Je conclus ce développement en signalant ce qui fait, à mes yeux, l’intérêt de la démarche de Taylor. En cherchant à caractériser l’humanisme exclusif et à en retracer la genèse, il s’inscrit en faux contre les théories de la sécularisation qu’il appelle lui-même des « théories de la soustraction ». Ce sont les théories, ou plus exactement les récits, qui voient dans la sécularisation le résultat progressif d’une série de soustractions : l’humanité se sécularise, disent ces théories, lorsqu’elle s’affranchit de la croyance, des illusions, des limitations de la connaissance, des « projections » dans l’au-delà de ses propres pouvoirs immanents ; lorsqu’elle renonce à « l’hétéronomie », lorsqu’elle comprend qu’elle possède en elle-même la source de toute légitimité et de tout pouvoir, au lieu de croire ceux-ci inhérents à un ordre transcendant.

Tout cela, disent les récits de la soustraction, était déjà là présent, sous-jacent depuis toujours : la modernité consiste à la « découverte » de ce fond déjà présent – ce que Kant appelle pour sa part la « sortie de la minorité ». Comme l’enfant cesse de croire au Père Noël lorsqu’il découvre que les cadeaux lui arrivent par ses propres parents, la société devient séculière lorsqu’elle renonce aux explications mythiques et comprend qu’elle est seule dépositaire des sources de la vérité et du bien.

Les récits de la soustraction se reconnaissent au lexique qu’ils privilégient pour décrire la sécularisation : affranchissement, libération, accès à l’autonomie, découverte que l’homme est un sujet, etc.
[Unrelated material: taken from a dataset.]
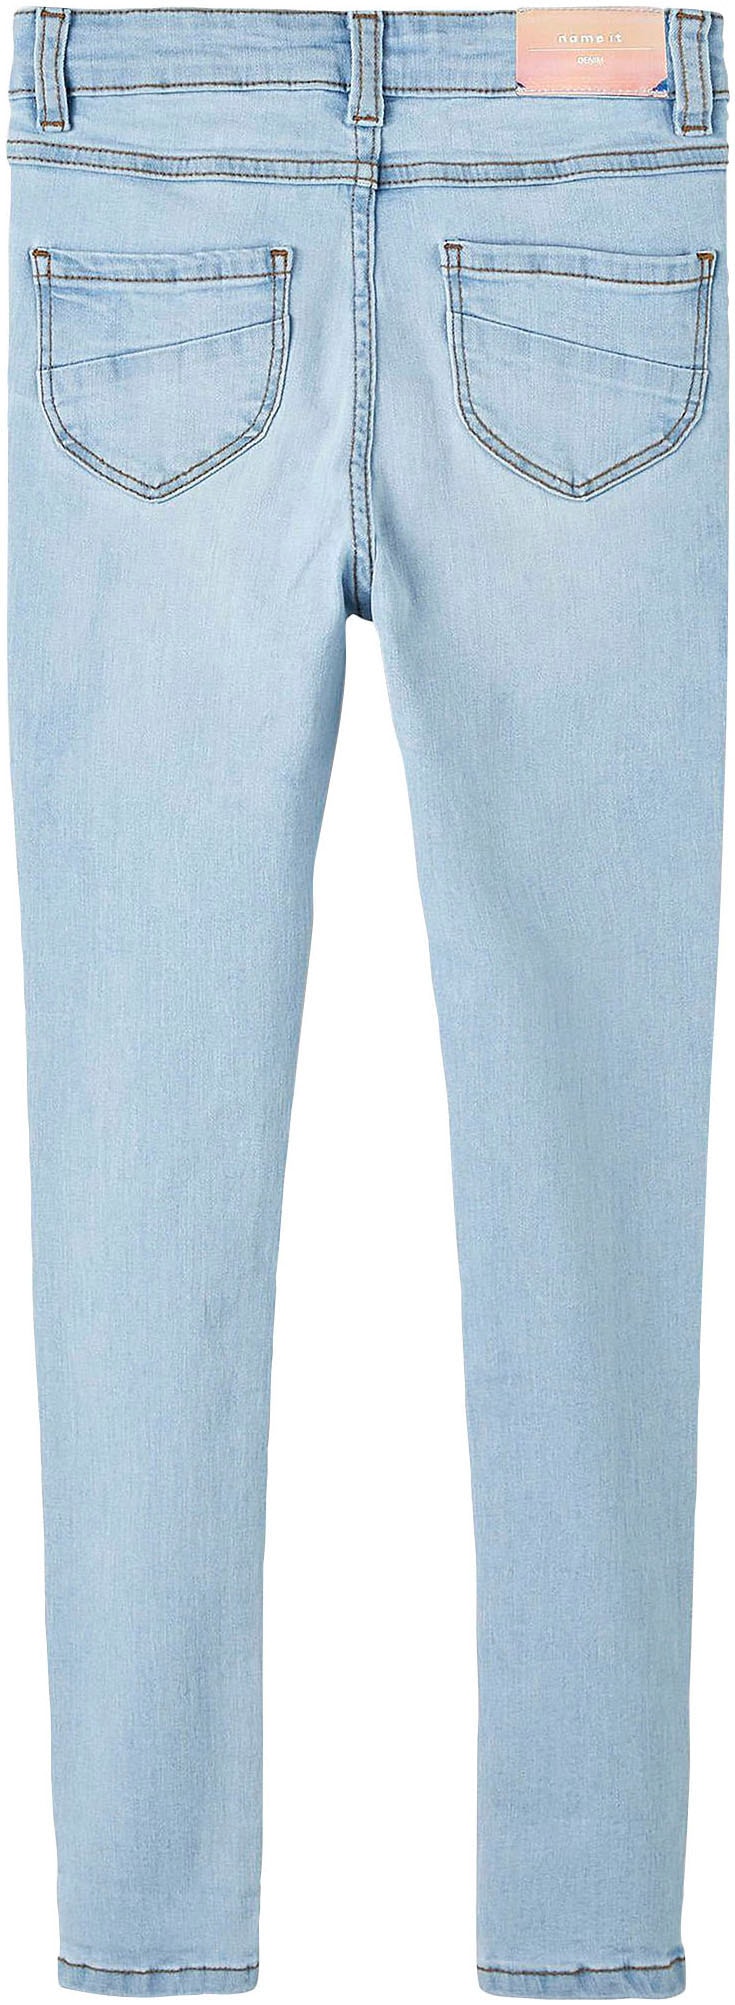 Name It Skinny-fit-Jeans NOOS«, »NKFPOLLY kaufen bei SKINNY HW mit Stretch JEANS OTTO 1180-ST

À ces récits, Taylor veut en opposer un autre, où il n’est pas question de découverte (de traits de la nature humaine toujours déjà présents, mais recouverts par des institutions plus ou moins oppressives), mais d’inventions. Ce n’est pas comme si l’humanité s’était enfin dépouillée d’habits d’emprunt qui recouvrait sa vraie nature : il s’agit plutôt de comprendre comment, en l’espace de quelques siècles, elle est parvenu à renouveler entièrement sa garde-robe, au point, bien souvent, de ne plus comprendre comment, considérant ses vieux atours abandonnés, elle a jamais pu porter ça.